[[ RAW DATA open ]]

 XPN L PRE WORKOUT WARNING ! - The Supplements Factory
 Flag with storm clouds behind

[[ RAW DATA closed ]]
[[ RAW DATA open ]]

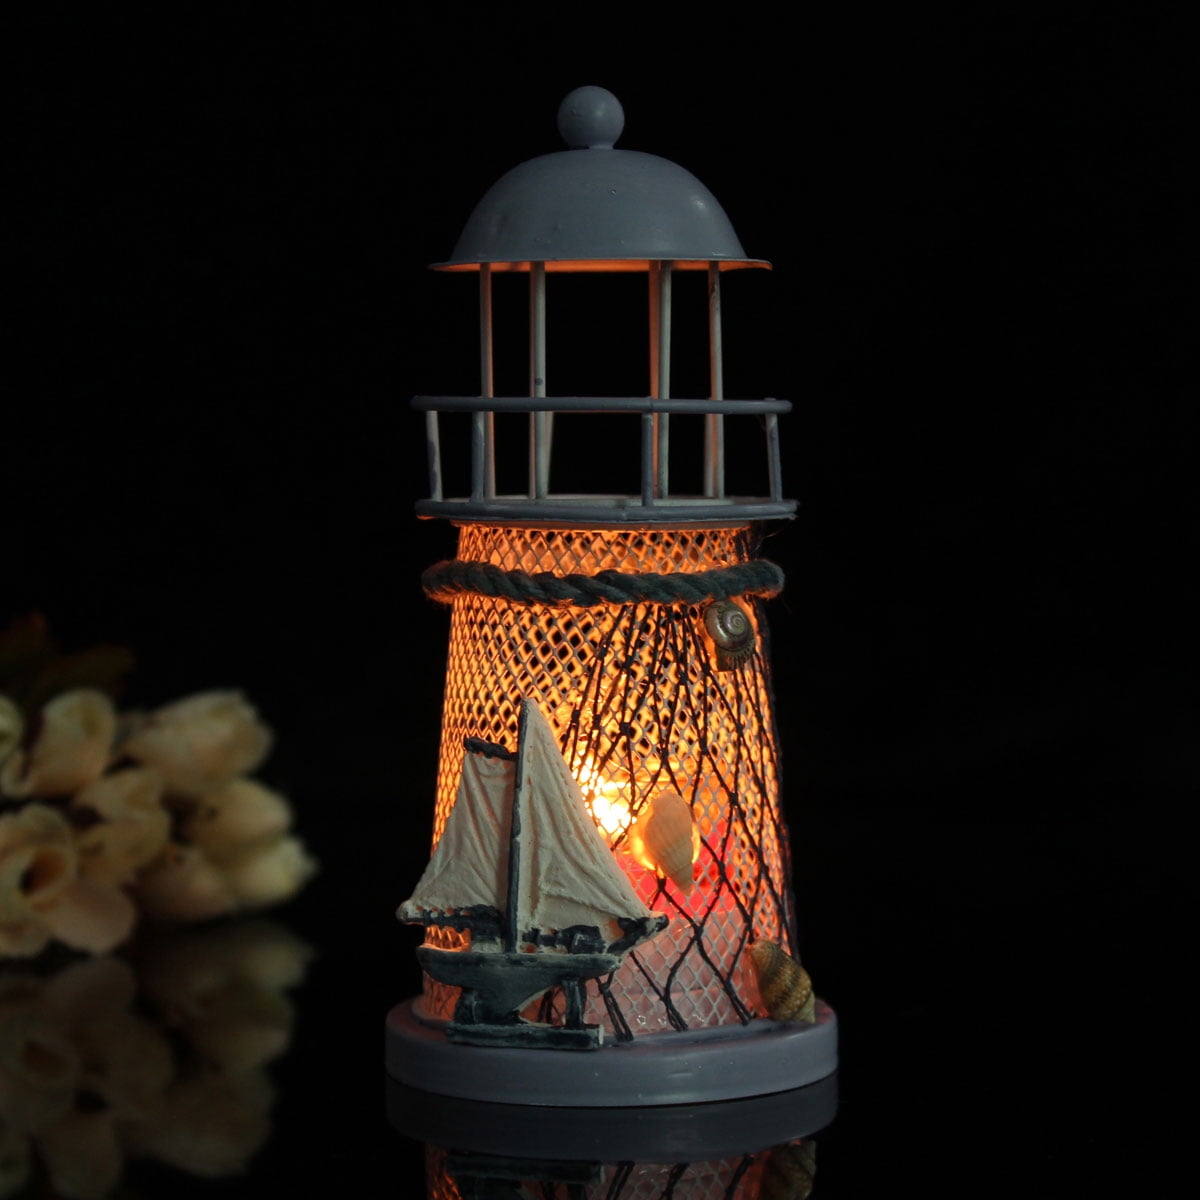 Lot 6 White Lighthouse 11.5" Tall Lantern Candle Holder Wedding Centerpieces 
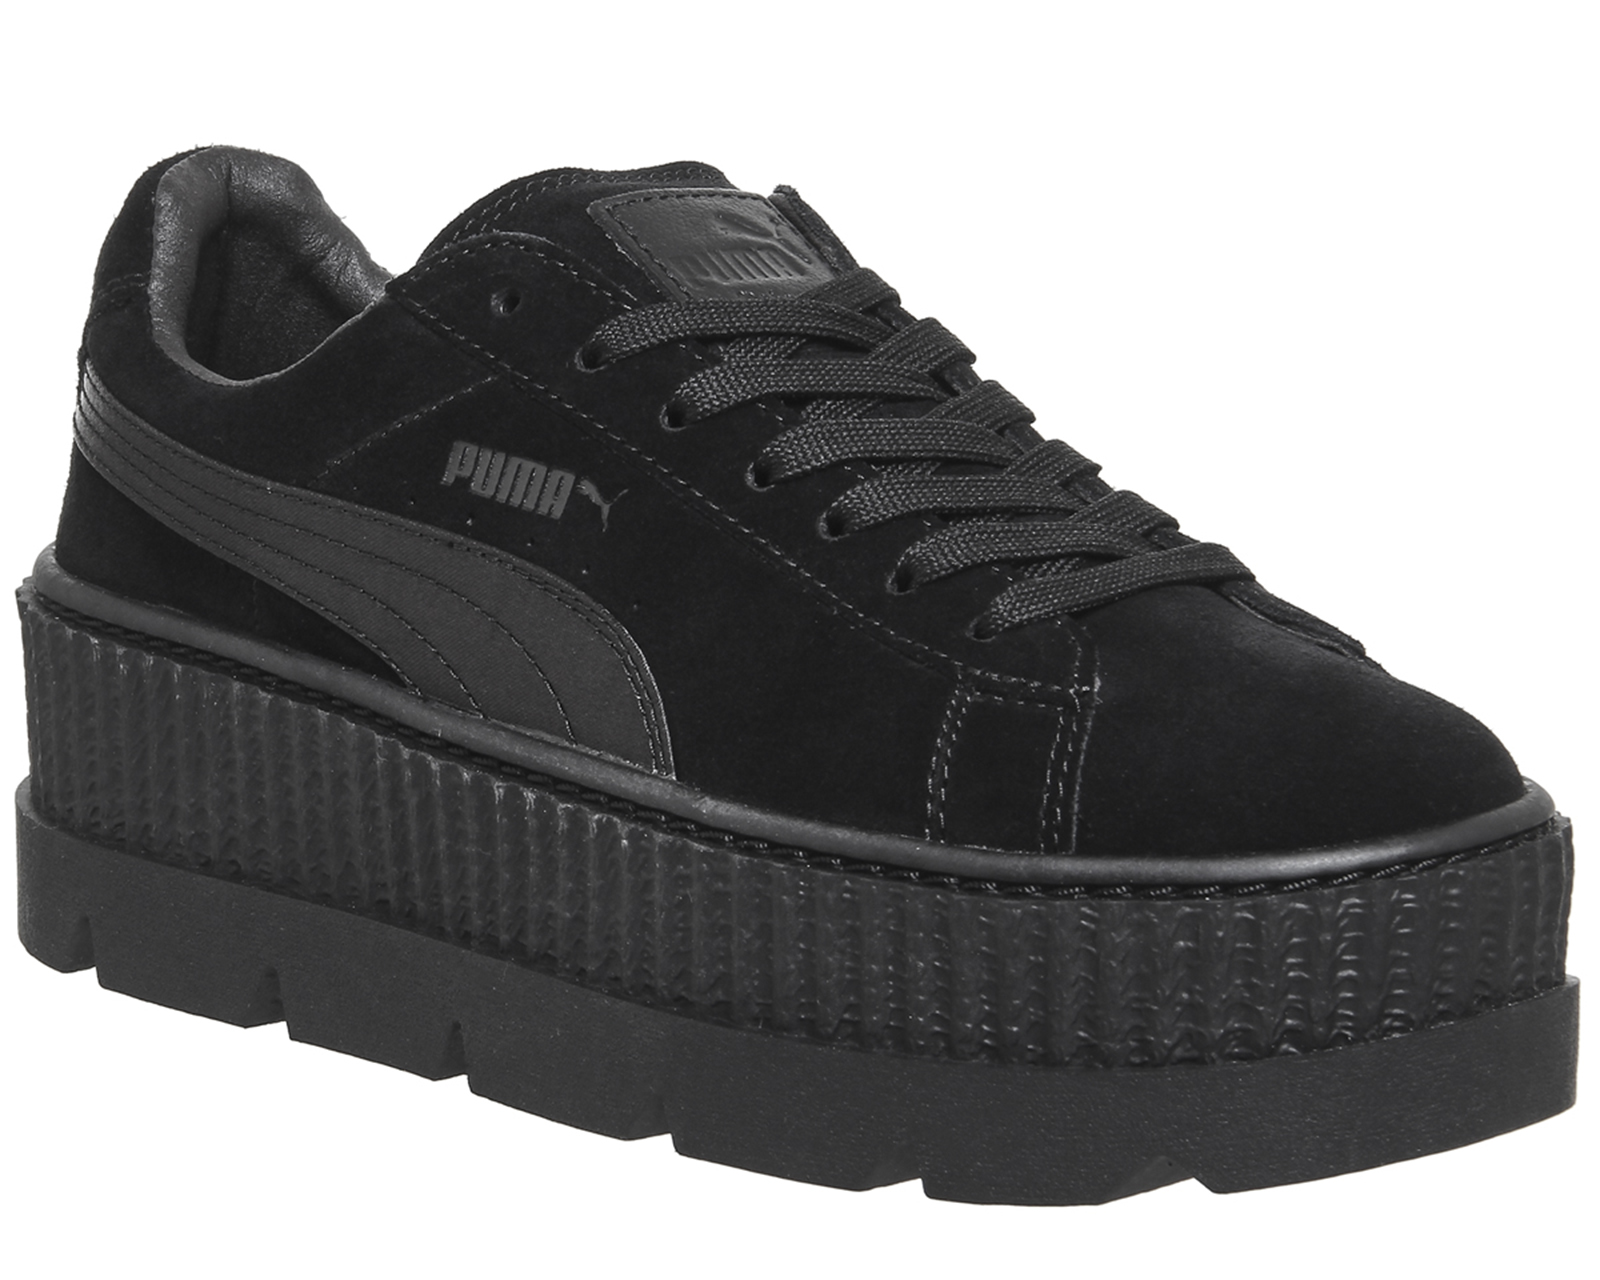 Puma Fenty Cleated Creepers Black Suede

[[ RAW DATA closed ]]

GOAL OF THE EXERCISE: Restate word for word only the lines above from the line containing "XPN L PRE WORKOUT" to the line containing "Flag with storm clouds behind", both of them included.

RESPONSE TO THE EXERCISE:
 XPN L PRE WORKOUT WARNING ! - The Supplements Factory
 Flag with storm clouds behind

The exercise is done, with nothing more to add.